#### Aim of the exercise
Repeat the lines below exactly as they appear, but leave out the images.

#### Material provided
===============
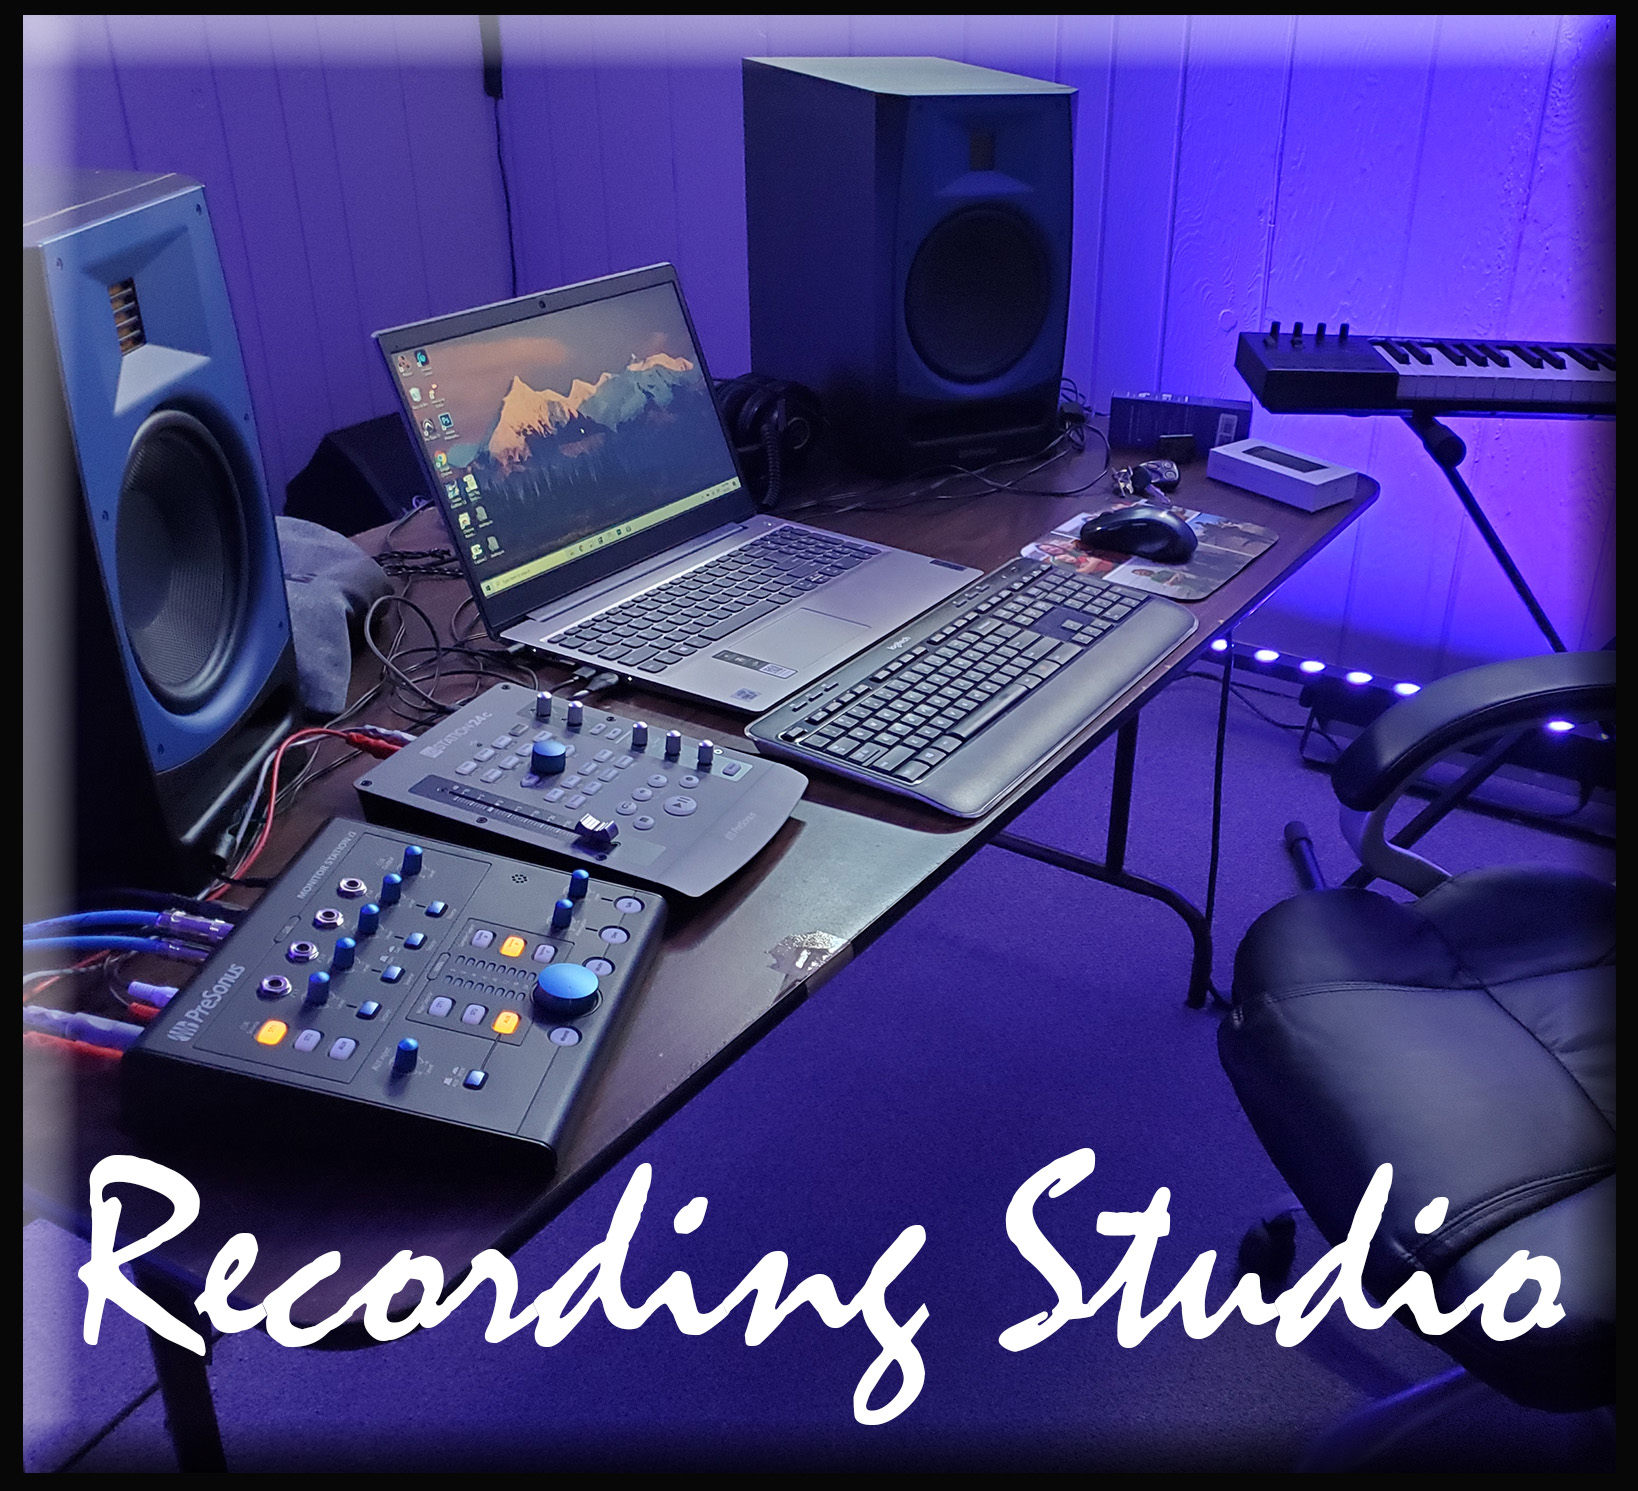 Recording Stewdio!
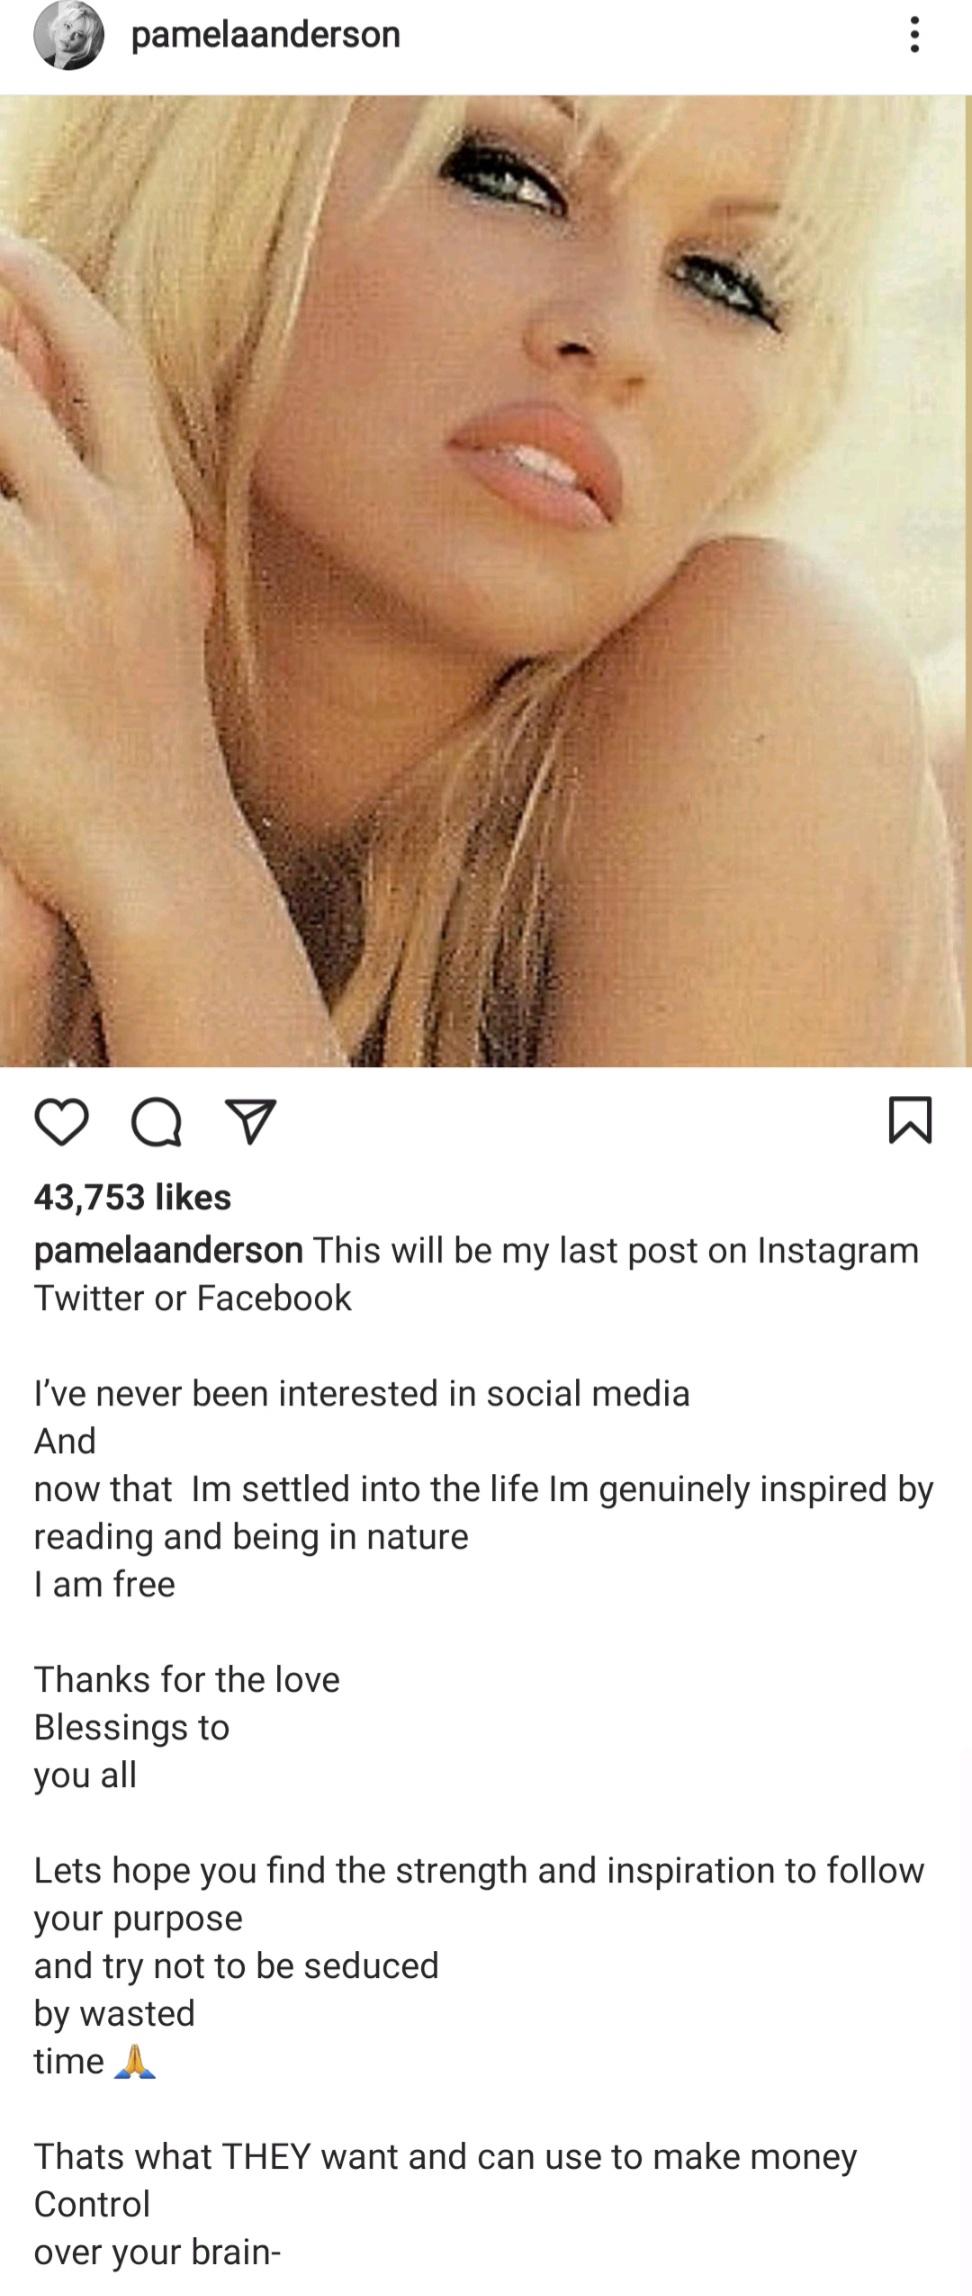 Pamela Anderson Fucking - Pamela Anderson: \
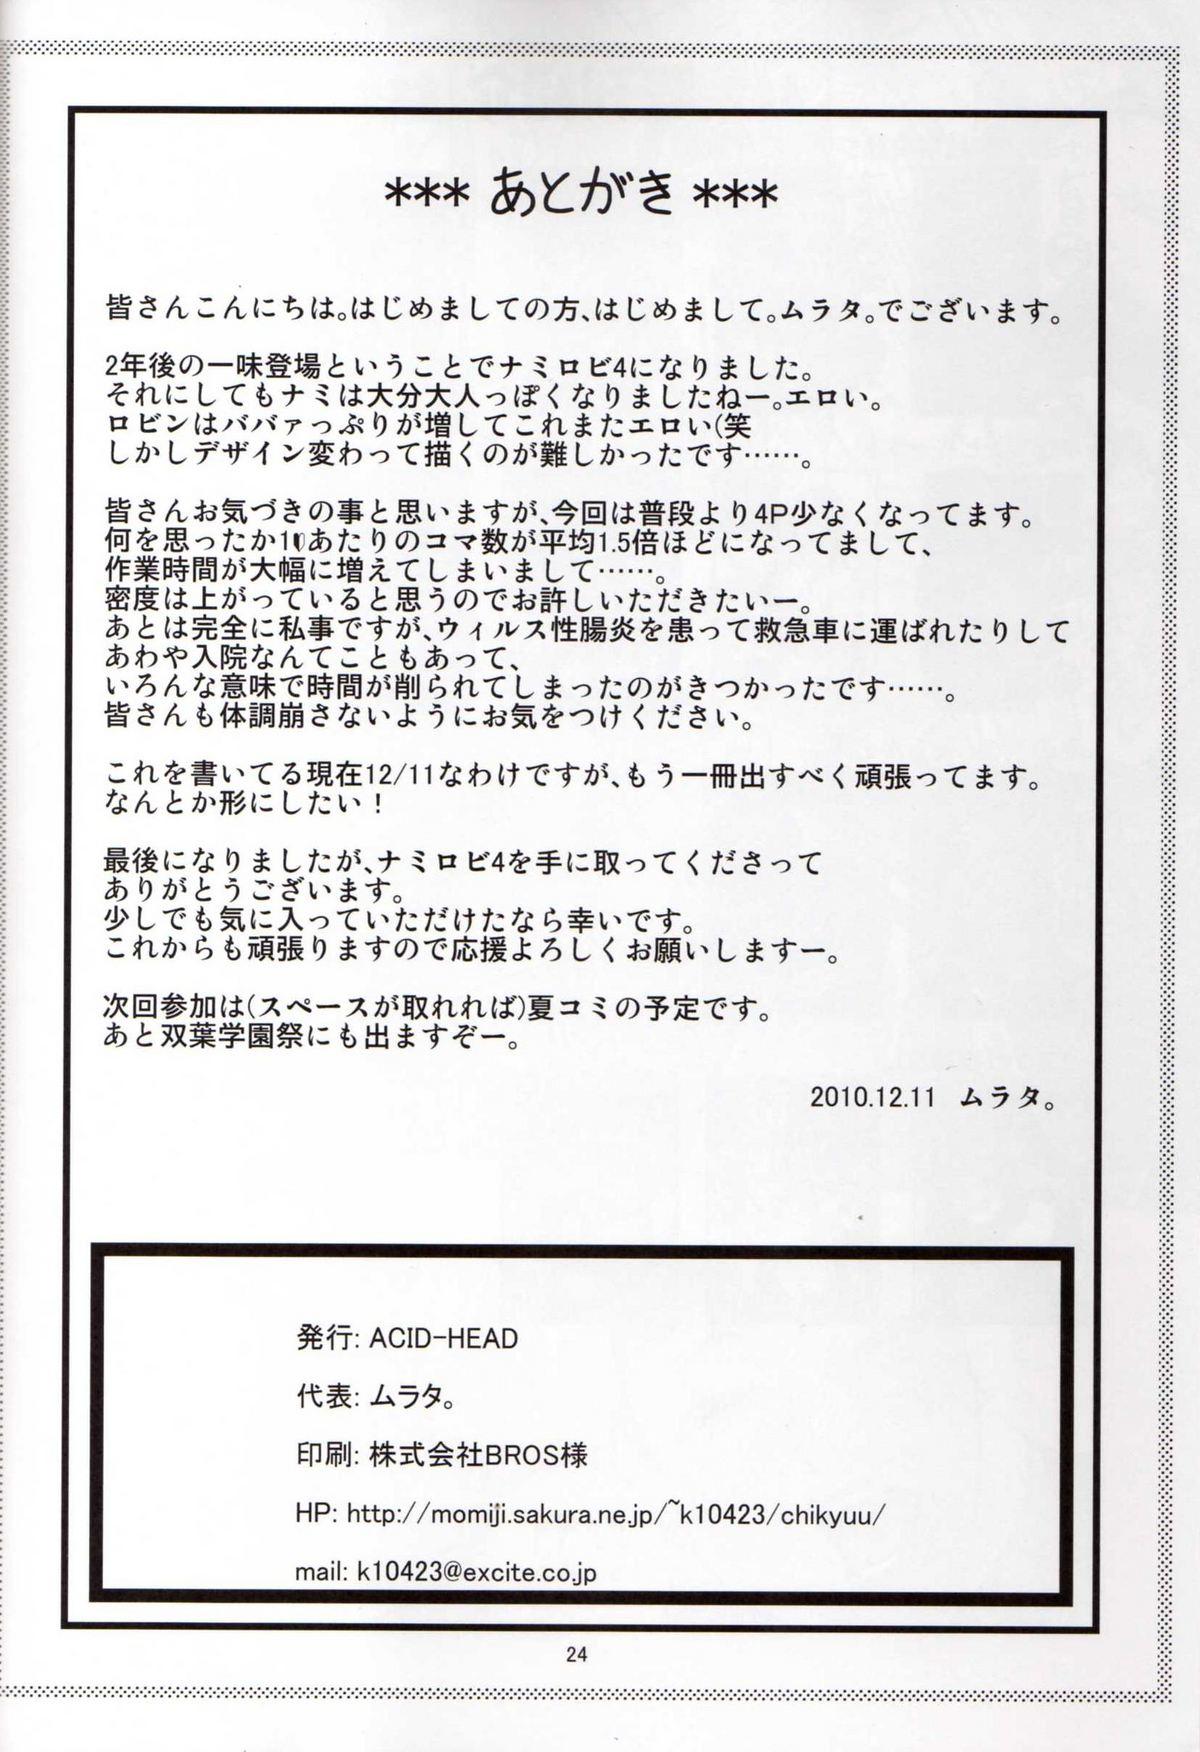 Furry NamiRobi 4 - One piece Namorada - Page 25
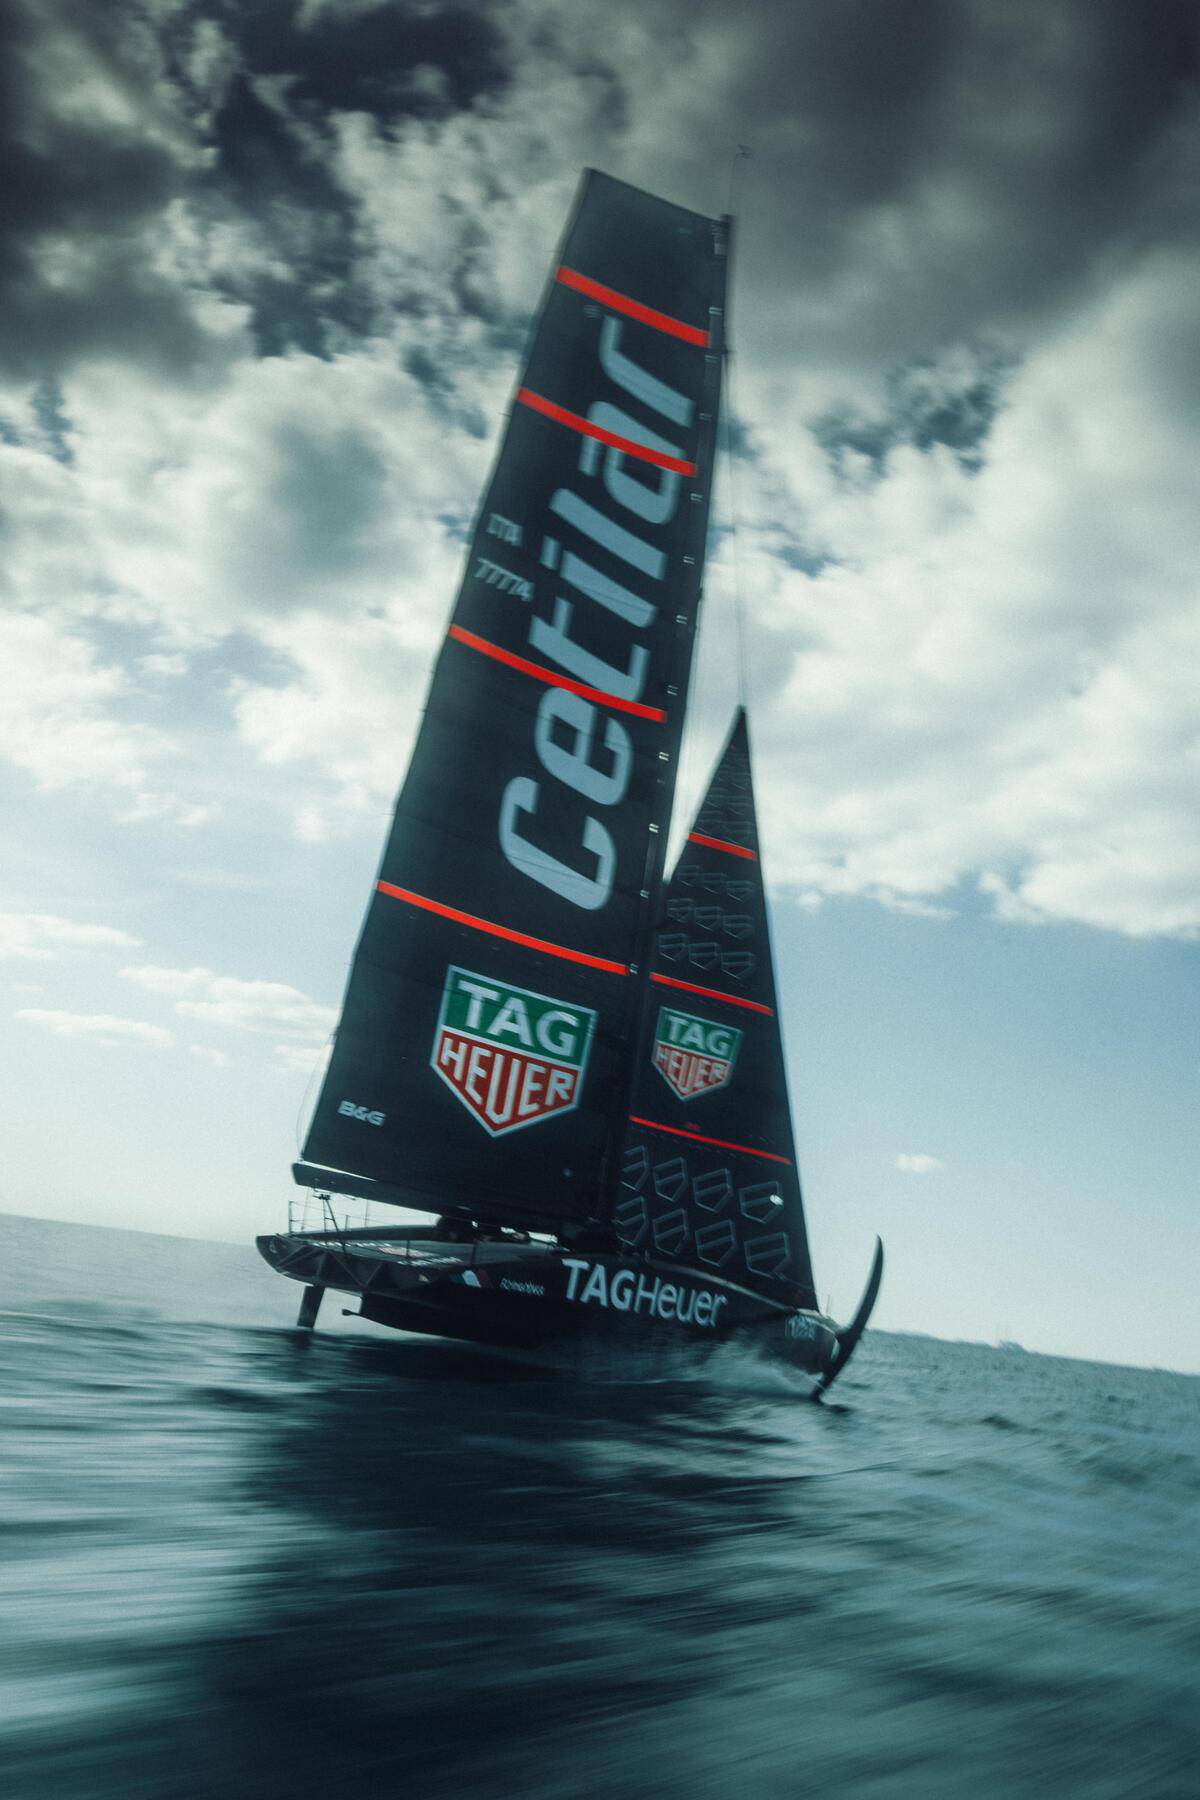 Set sail in style: meet the new TAG Heuer Carrera Skipper
===============
#### Written answer
 Recording Stewdio!
 Pamela Anderson Fucking - Pamela Anderson: \
 Furry NamiRobi 4 - One piece Namorada - Page 25
 Set sail in style: meet the new TAG Heuer Carrera Skipper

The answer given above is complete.